New Mortgage Policies to Benefit Homebuyers


A building site in Taiyuan, Shanxi province. (Photo by WU JUNJIE/CHINA NEWS SERVICE)

The differentiated home loan policies announced by the state financial authorities on Sunday will not only reduce the monthly repayment amount for homebuyers, but send a positive signal that the government is fully supportive of stable and healthy development. housing market, analysts said Monday.

In a joint statement on Sunday, the People’s Bank of China, the central bank and the China Banking and Insurance Regulatory Commission said that based on the corresponding tenor of the loan benchmark prime rates or LPRs, buyers of a first home can receive interest rates on home loans. which are 20 basis points below the lower limit for commercial banks. Interest rates for second home purchases will remain unchanged.

The move aims to support firm and rational housing demand and promote the stable and healthy development of the real estate market, the statement said.

To uphold the principle that “housing is for living in, not for speculation” and fully establish a long-term mechanism for the smooth operation of the real estate sector, cities will adopt measures in accordance with the special conditions of their real estate sector. locally, he explained.

Industry experts have welcomed the changes. “Differentiated housing lending policies will help build industry confidence. They are in line with the spirit of announcements made at recent meetings of the Political Bureau of the Communist Party of China Central Committee,” said Ding Zuyu, CEO of E-House (China) Enterprise Holdings Ltd.

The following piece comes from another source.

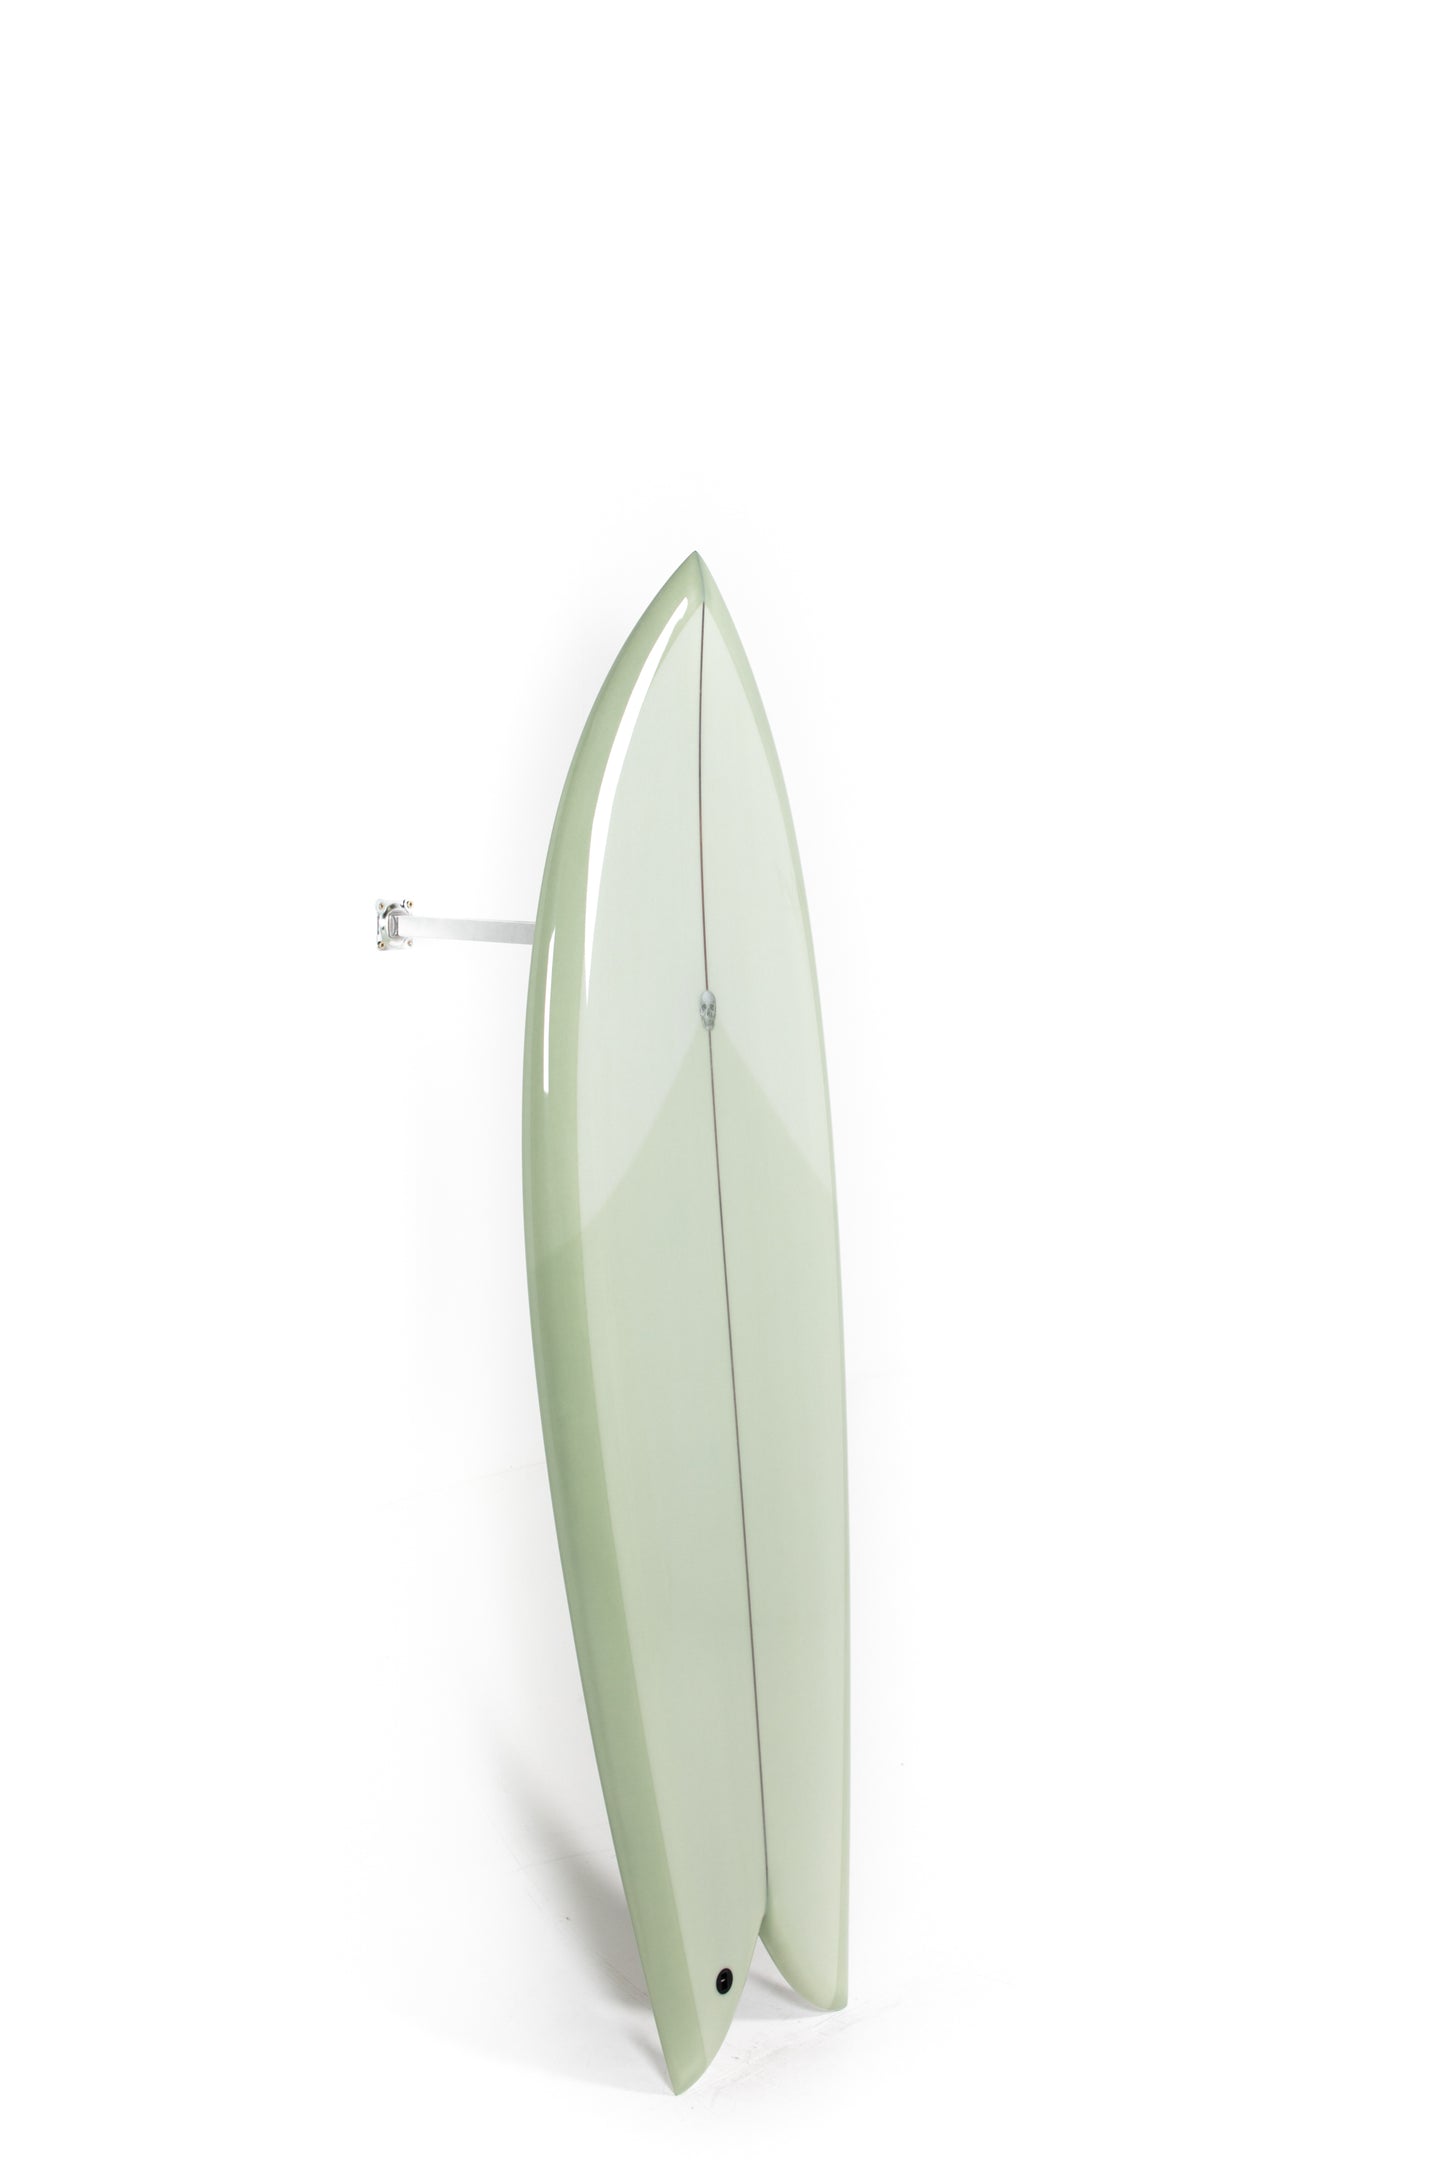 
                  
                    Pukas-Surf-Shop-Christenson-Surfboards-Chris-Fish-Chris-Christenson-5_6_-CX06028
                  
                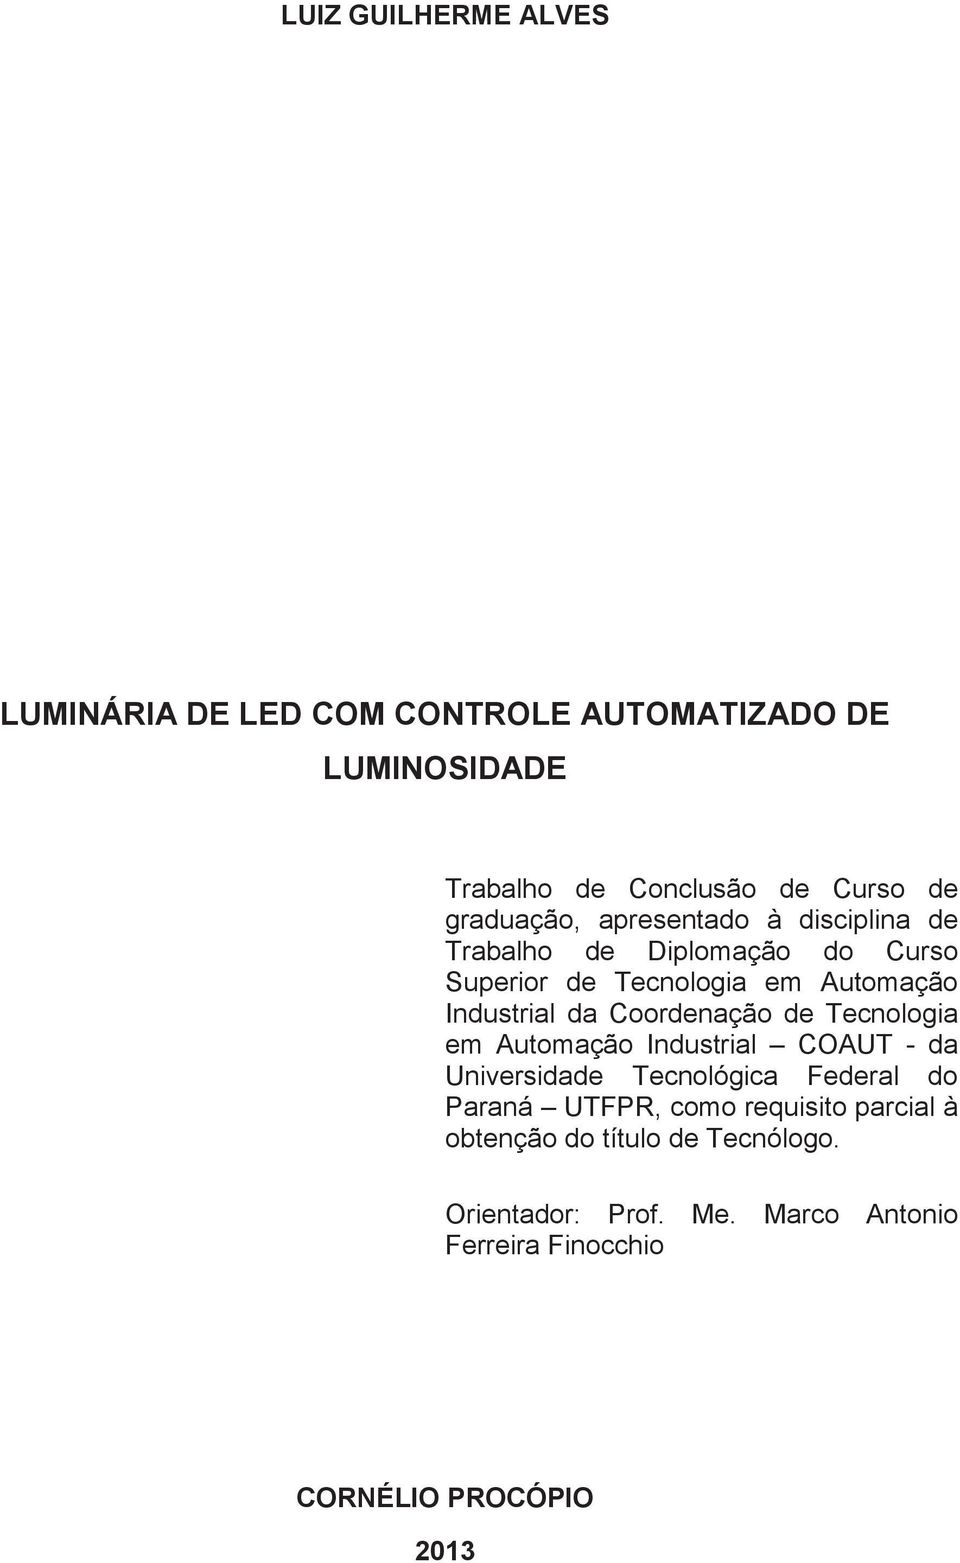 Coordenação de Tecnologia em Automação Industrial COAUT - da Universidade Tecnológica Federal do Paraná UTFPR, como

During its December meetings, the Political Bureau indicated that support will be given to the real estate sector to better meet the reasonable demand for housing from buyers. For the first time, the meeting announced the goal of promoting the healthy development of the real estate industry and forming a virtuous cycle of the industry. On April 29, the Politburo reiterated that efforts should be made to improve housing policies based on local factors and to respond to strong buyer demand for better housing.

In April, the PBOC announced that it would keep the one-year prime lending rate unchanged at 3.7% and the five-year LPR, on which many lenders base their mortgage rates, also unchanged at 4.6%.

Since the beginning of this year, real estate policies have been optimized more than 200 times in more than 100 Chinese cities. The trend had become very pronounced in April, according to data from the China Index Academy.

Following nationwide home loan interest rate adjustments, more local governments are expected to come up with new measures to reduce the cost of rationally buying a home, create better conditions to stimulate market transactions and stimulate a reasonable request, said Chen Wenjing, deputy director of research at China Index Academy.

Industry experts have suggested that to maintain stable economic growth, the real estate market, which is considered one of the economic pillars, is likely to see more positive measures for its rational development.

Investment in property development in China edged down 2.7 percent year-on-year to 3.9 trillion yuan ($574 billion) in the first four months. Investment in residential buildings fell 2.1 percent year on year to about 2.95 trillion yuan, according to data from the National Bureau of Statistics.